EXERCISE MATERIAL:

┌────────

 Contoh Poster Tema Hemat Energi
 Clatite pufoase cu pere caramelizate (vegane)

└────────
┌────────

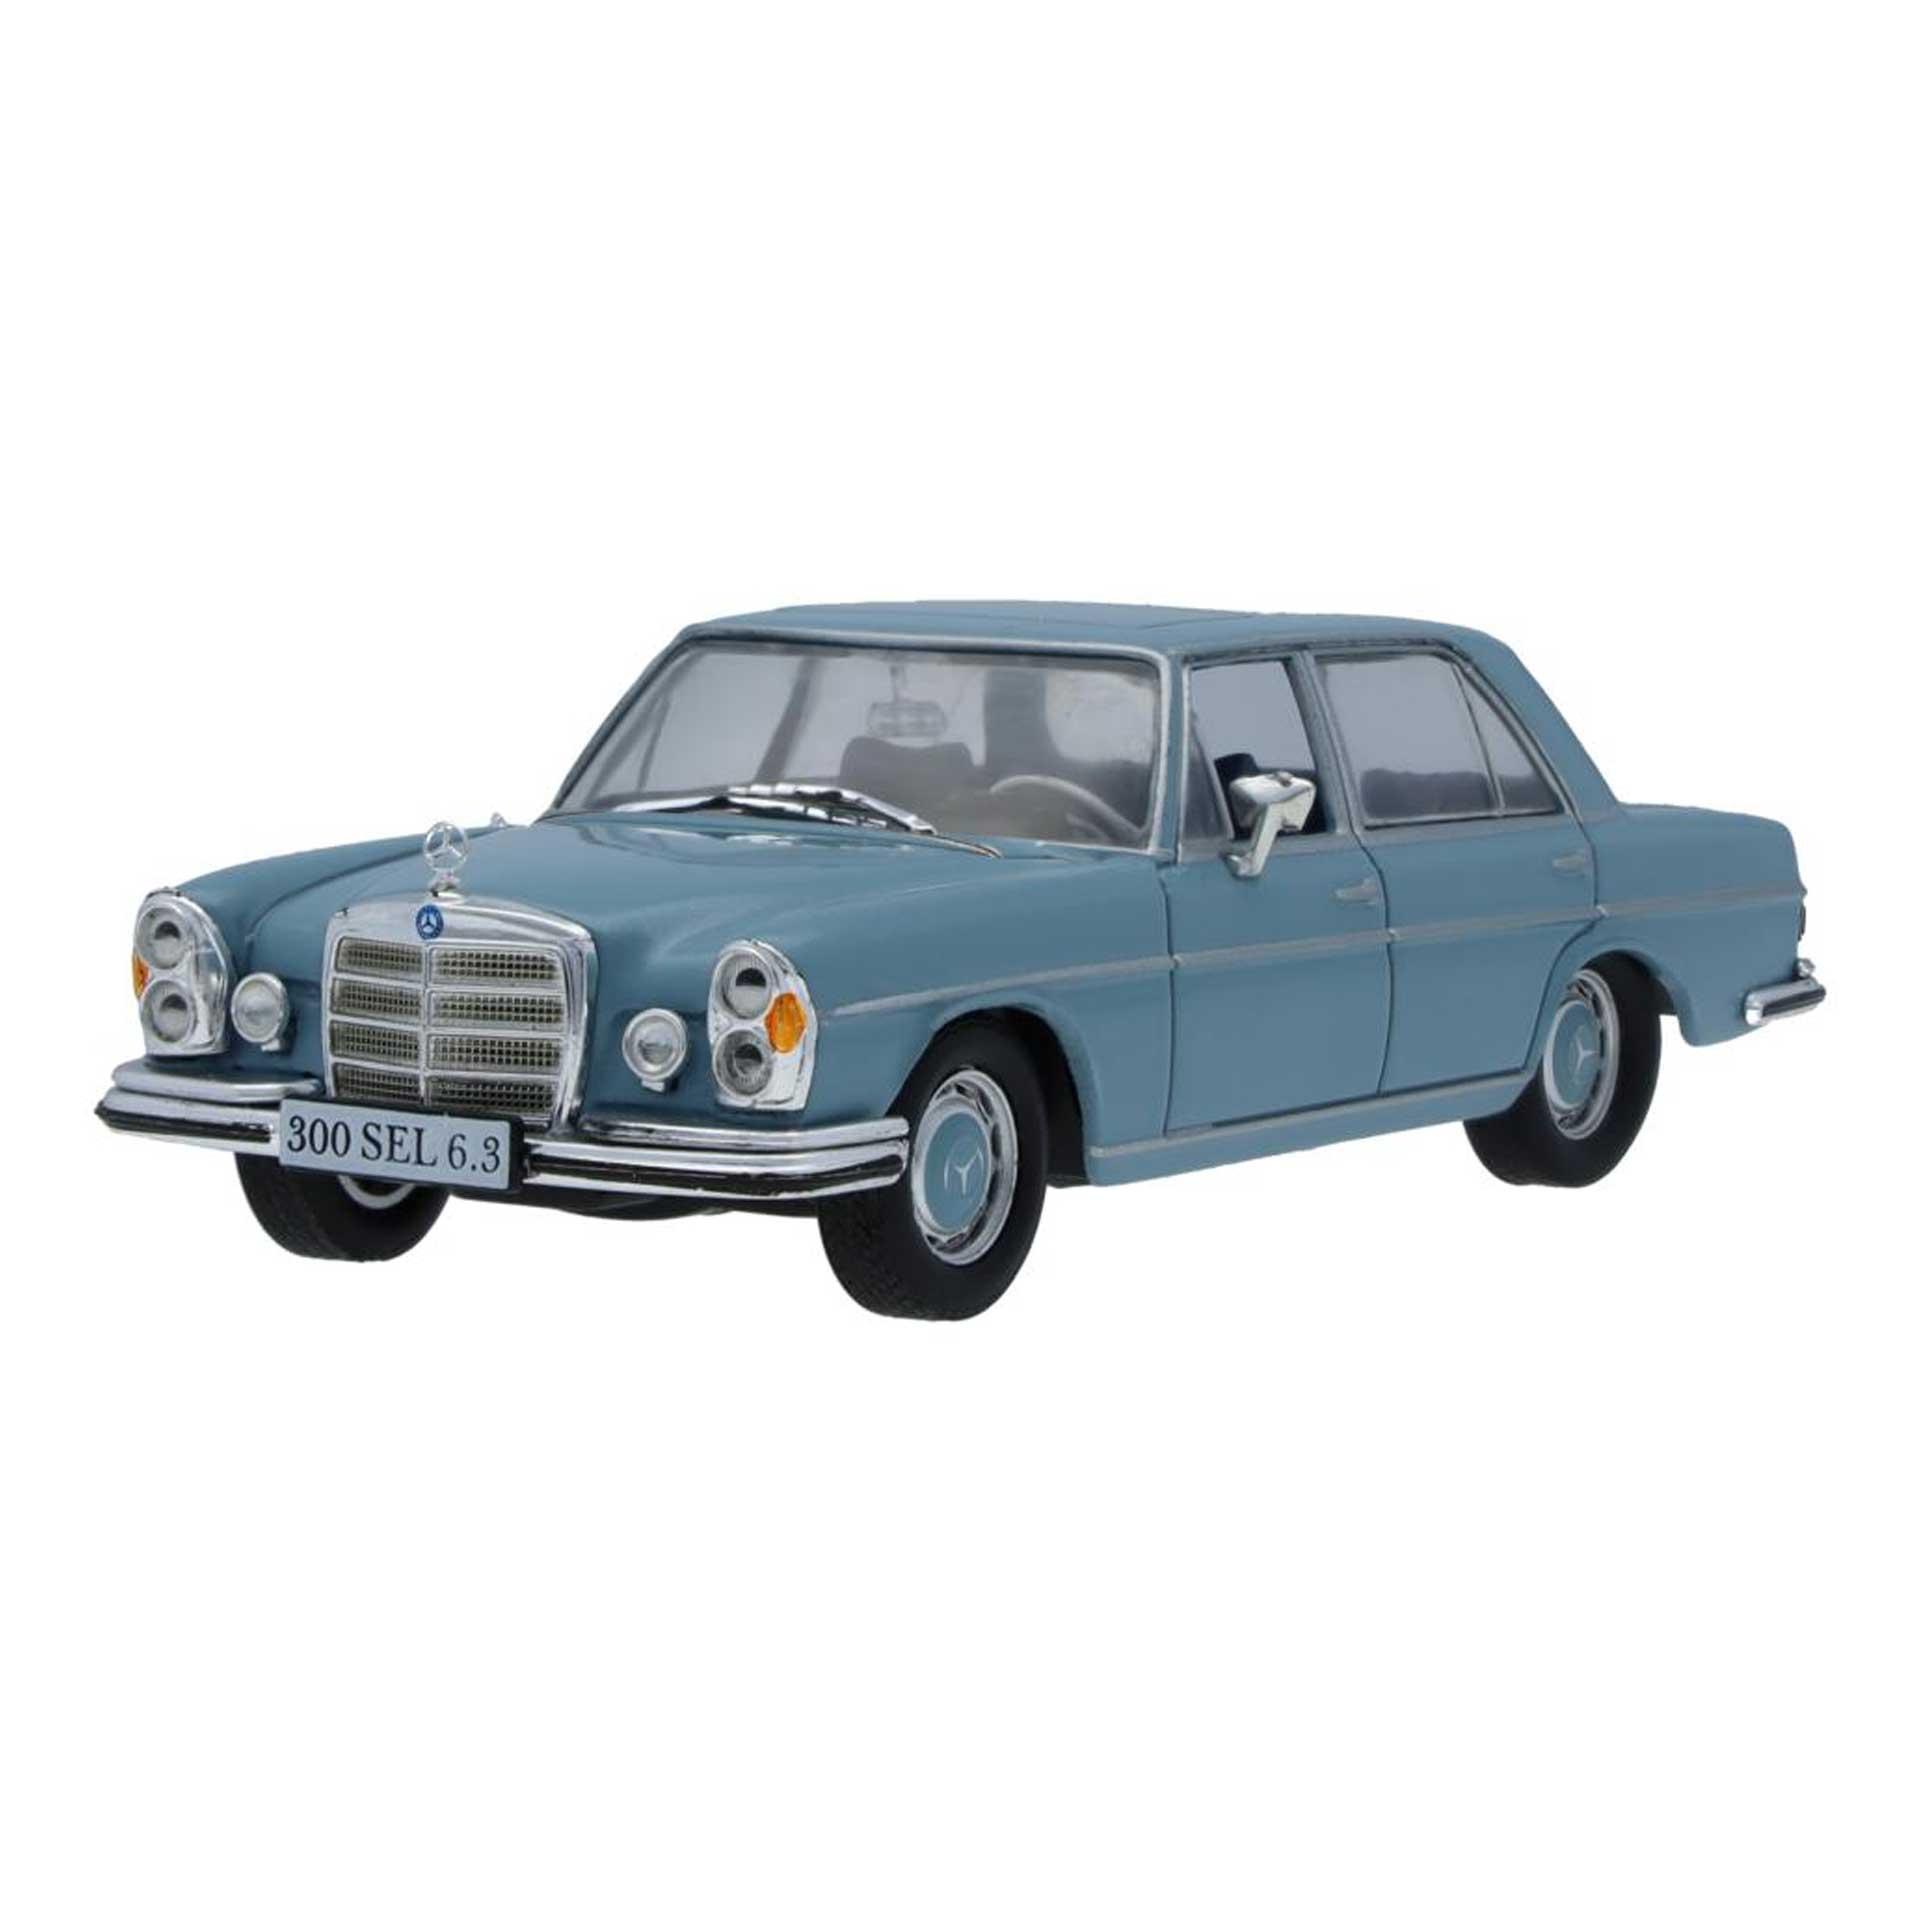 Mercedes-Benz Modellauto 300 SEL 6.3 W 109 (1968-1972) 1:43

└────────

WORK INSTRUCTION: In the listing above, locate the line containing "Contoh Poster Tema Hemat Energi" and the line containing "Clatite pufoase cu". Extract those two lines and every line between them, exactly as written, and only those.

ANSWER BOX:
 Contoh Poster Tema Hemat Energi
 Clatite pufoase cu pere caramelizate (vegane)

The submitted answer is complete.